Each day this week Recharge has taken readers on a journey to some of the world’s most important new offshore wind markets, with a pioneering project thrown in for good measure. If you missed it the first time take the trip with Agenda now.

We start in Europe, the cradle of the industry, where Recharge in-depth articles explained how Ireland, an early mover that stalled, and Sweden, a latecomer that is now home to some of the world’s biggest planned projects – the 5.5GW Aurora filed for construction just this week – are now widely seen as key offshore wind nations in the making.

There is also plenty of action to come further south, and we took a deep-dive into a region where embryonic floating markets such as Spain, Portugal and Greece could emerge as critical when it comes to meeting huge EU-level targets for offshore wind.

To meet those goals will need more corporate ambition of the type that saw Norway’s Vargronn set a new 5GW target of its own and, as reported by Recharge in an exclusive interview, take co-owner Eni’s share of the 3.6GW Dogger Bank project.

More vital still will be smart policy support to back up the targets, as emphasised by the Global Wind Energy Council when its latest annual report on the sector warned that offshore wind’s massive potential could still be left unfulfilled if the wrong decisions are made.

Policy was also on the mind of one of the European sector's pioneers, Orsted's veteran UK executive Benj Sykes, who warned that Britain may need to rethink its auction mechanisms if it is to achieve the huge volumes of wind at sea set out in national targets.

While in Europe it’s only right to take a look at one of the continent’s – and in fact the world’s – most exciting projects, Equinor’s Hywind Tampen floating array that will soon take its place as the planet’s largest at just shy of 95MW.

As Recharge Editor-in-Chief Darius Snieckus explains in an on-the-spot picture special, the project has not been without controversy due to its role in powering oil & gas installations, but its record in spurring innovation and taking the floating wind sector forward in undeniable.

Norway is rapidly emerging as quite a hive of offshore wind activity. As well as Vargronn, noted above, Recharge this week reported how Norwegian developer Deep Wind Offshore added 4GW to its international project portfolio via a strategic deal in South Korea with state-owned utility East West Power (EWP).

Recharge also carried an exclusive interview with the CEO of Norwegian utility Statkraft who gave more insights into its offshore wind plans off its home coasts and, potentially sooner, in Irish waters.

The final stop on Recharges tour is the US, and a look at the implications of the nation’s most recent offshore wind auction off the Carolinas where winning bids took a nosedive from the highs of New York Bight.

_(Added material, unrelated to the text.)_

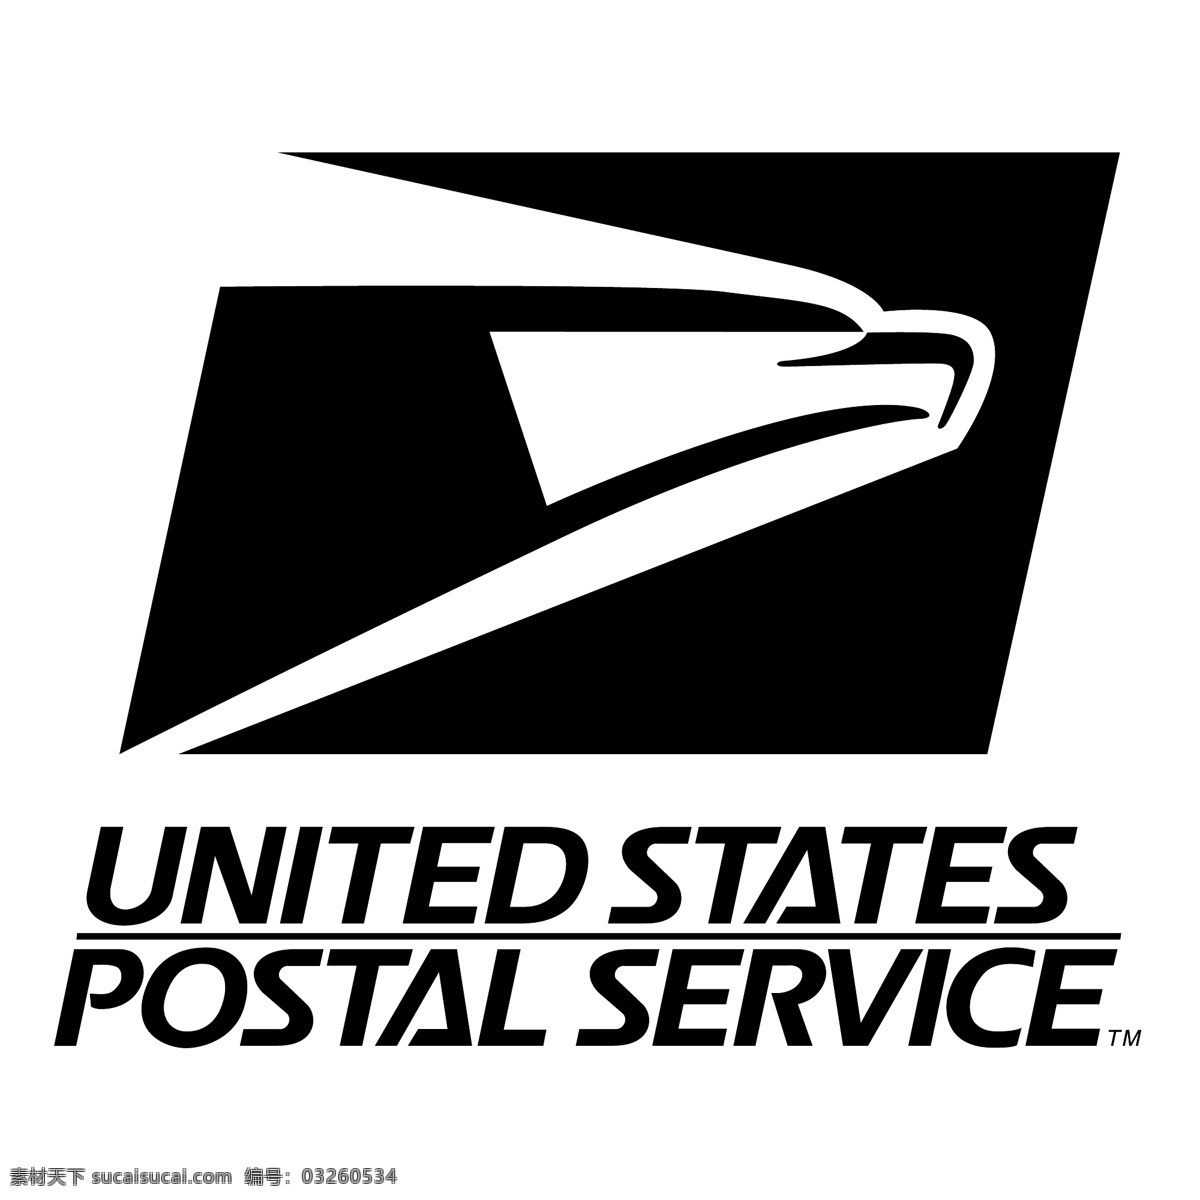 美国 邮政服务 免费 标志 psd源文件 logo设计

Few now doubt that the US will be a massive offshore wind market whatever the bumps in the road, and the mounting excitement off the West Coast was stoked when Deep Blue Pacific, a joint venture between TotalEnergies and developer Simply Blue, submitted plans for 3GW of floating wind off Oregon.

Back in the more immediate projects in the northeast, New York flagship South Fork finalised an agreement with a trio of environmental groups, pledging strict measures to protect a critically endangered species of whale local to the array’s development site in the US Atlantic

While offshore wind goes from strength to strength, the US also closed the week with a salutary reminder that the greatest plans can be undone – or at least badly curtailed – by the pen of a judge, when the Supreme Court curbed the powers of Joe Biden to limit power plant emissions – a ruling the President described as “devastating”.